Author: Byoung-ick Cho
Requested Type: Poster Only
Submitted: 2009-04-21 11:46:43

Co-authors: P. A. Heimann, J. Feng, K. Engelhorn, C. Weber, H. J. Lee, R. W. Falcone

Contact Info:
Advanced Light Source
Lawrence Berkeley National Lab
Berkeley, CA   94720
USA

Abstract Text:
Although solid carbon is one of the most extensive studied materials, its properties in the warm dense regime are not well known. Especially non-equilibrium warm dense carbon is of special interest relevant to fundamental significance in the phase transitions and energy relaxation processes, and practical importance at the limit of current technologies such as inertial confinement fusion.
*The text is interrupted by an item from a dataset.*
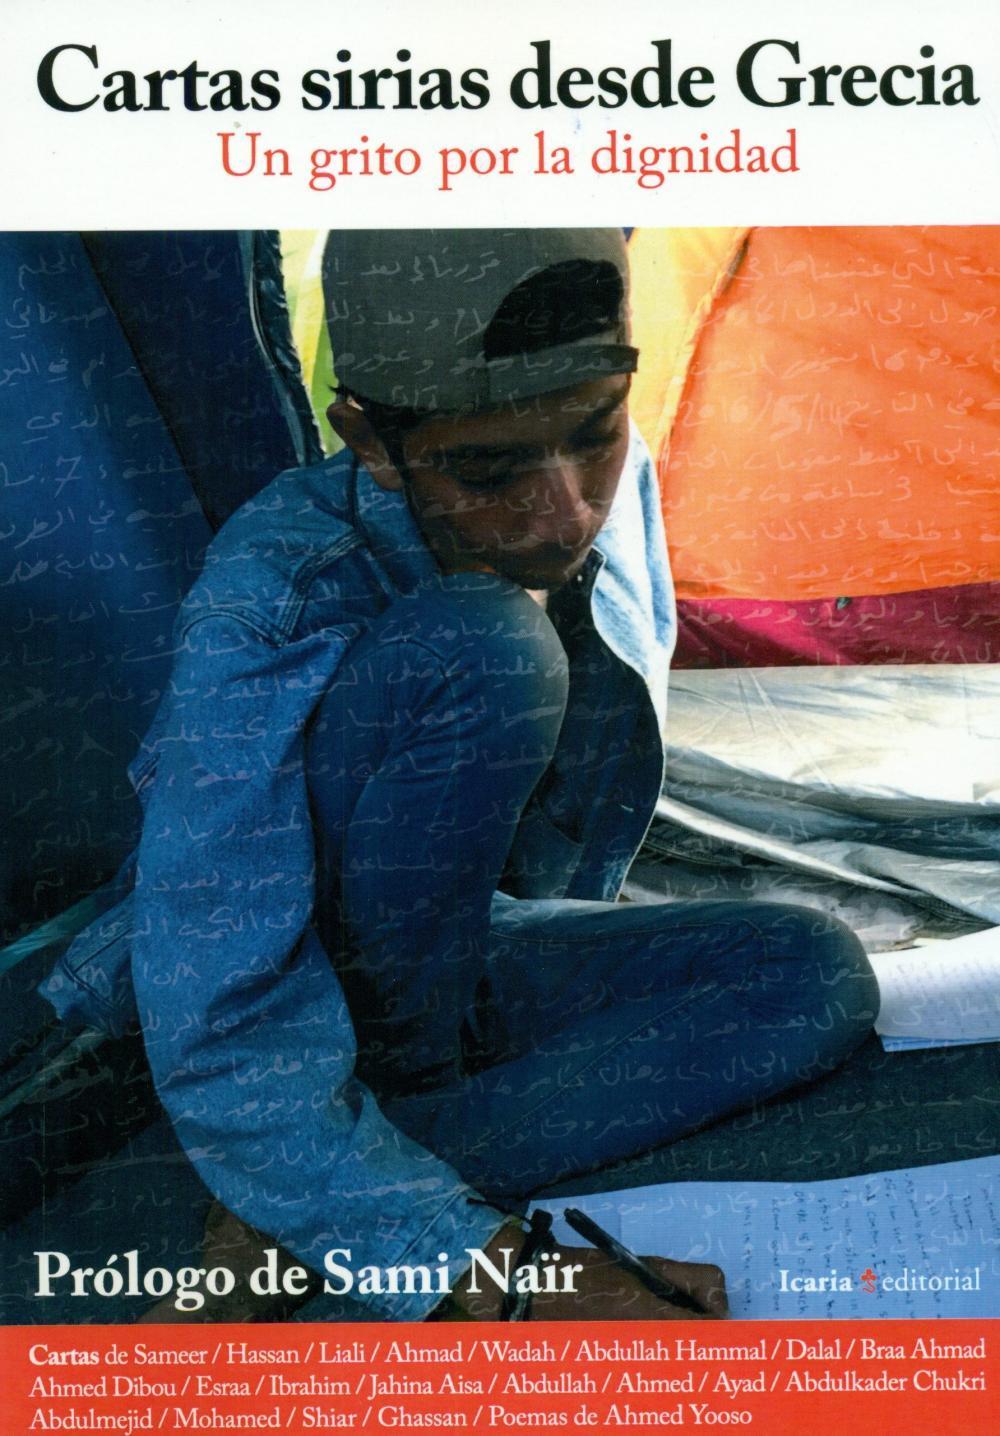 Cartas sirias desde Grecia

Investigating electronic structure would provide a key understanding of warm dense matter. X-ray absorption spectroscopy is a powerful technique for this purpose. However the static method is not compatible with rapidly varying transient state of warm dense matter. Therefore we use time resolved x-ray absorption spectroscopy to study the bonding properties of carbon at a few eV temperature and near solid density.
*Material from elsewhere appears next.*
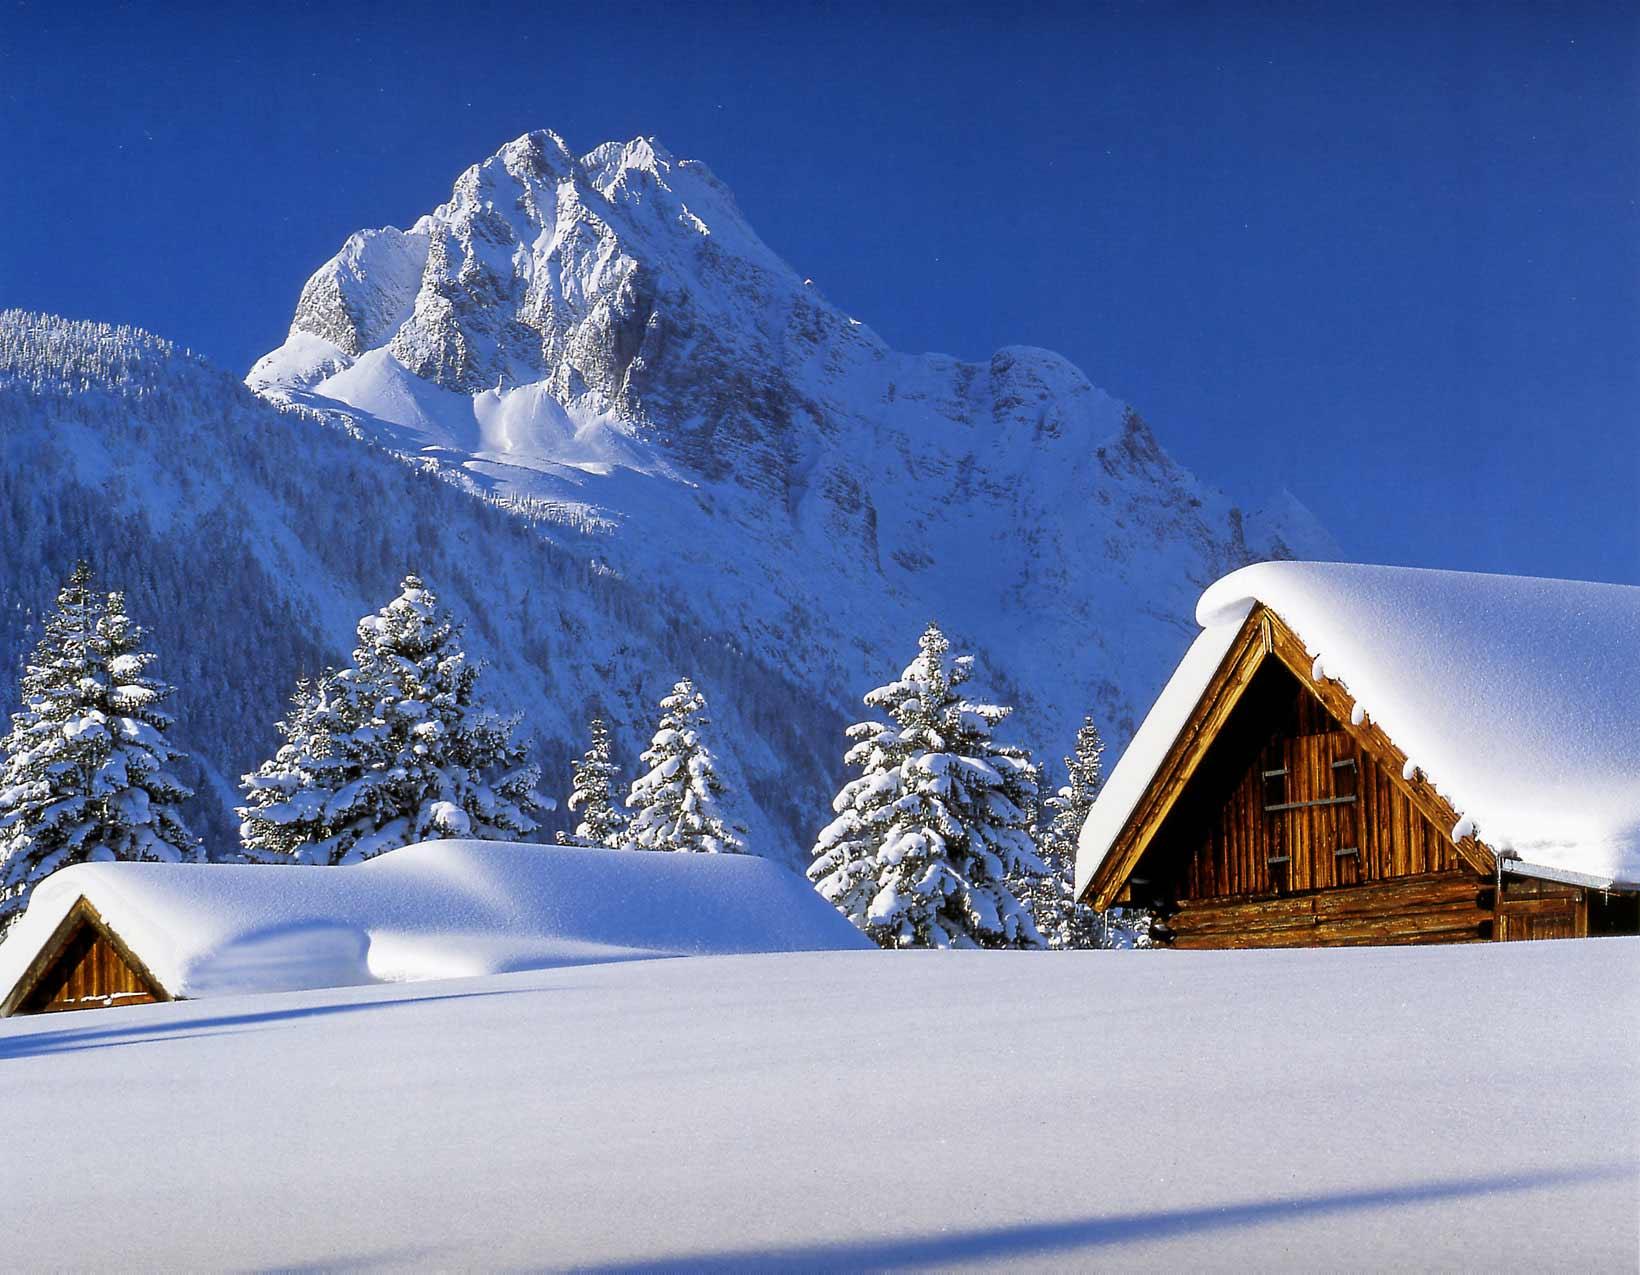 snow wallpaper 1640x1275

The experiment was performed at beam line 6.0.2 at Advanced Light Source (ALS). An intense 150 fs, 800 nm laser pulse isochorically heated amorphous carbon and diamond films, creating warm dense carbon for a short time before the materials expand significantly. Heated carbon foils were probed using broadband 70 ps soft x-rays of synchrotron radiation. Laser and x-ray pulses were both spatially and temporally overlapped on the target. Transmitted x-rays were dispersed with a spectrometer with 250 line/mm grating and a spectrum near carbon K-edge (270 eV ~ 320 eV) was detected with an ultrafast x-ray streak camera.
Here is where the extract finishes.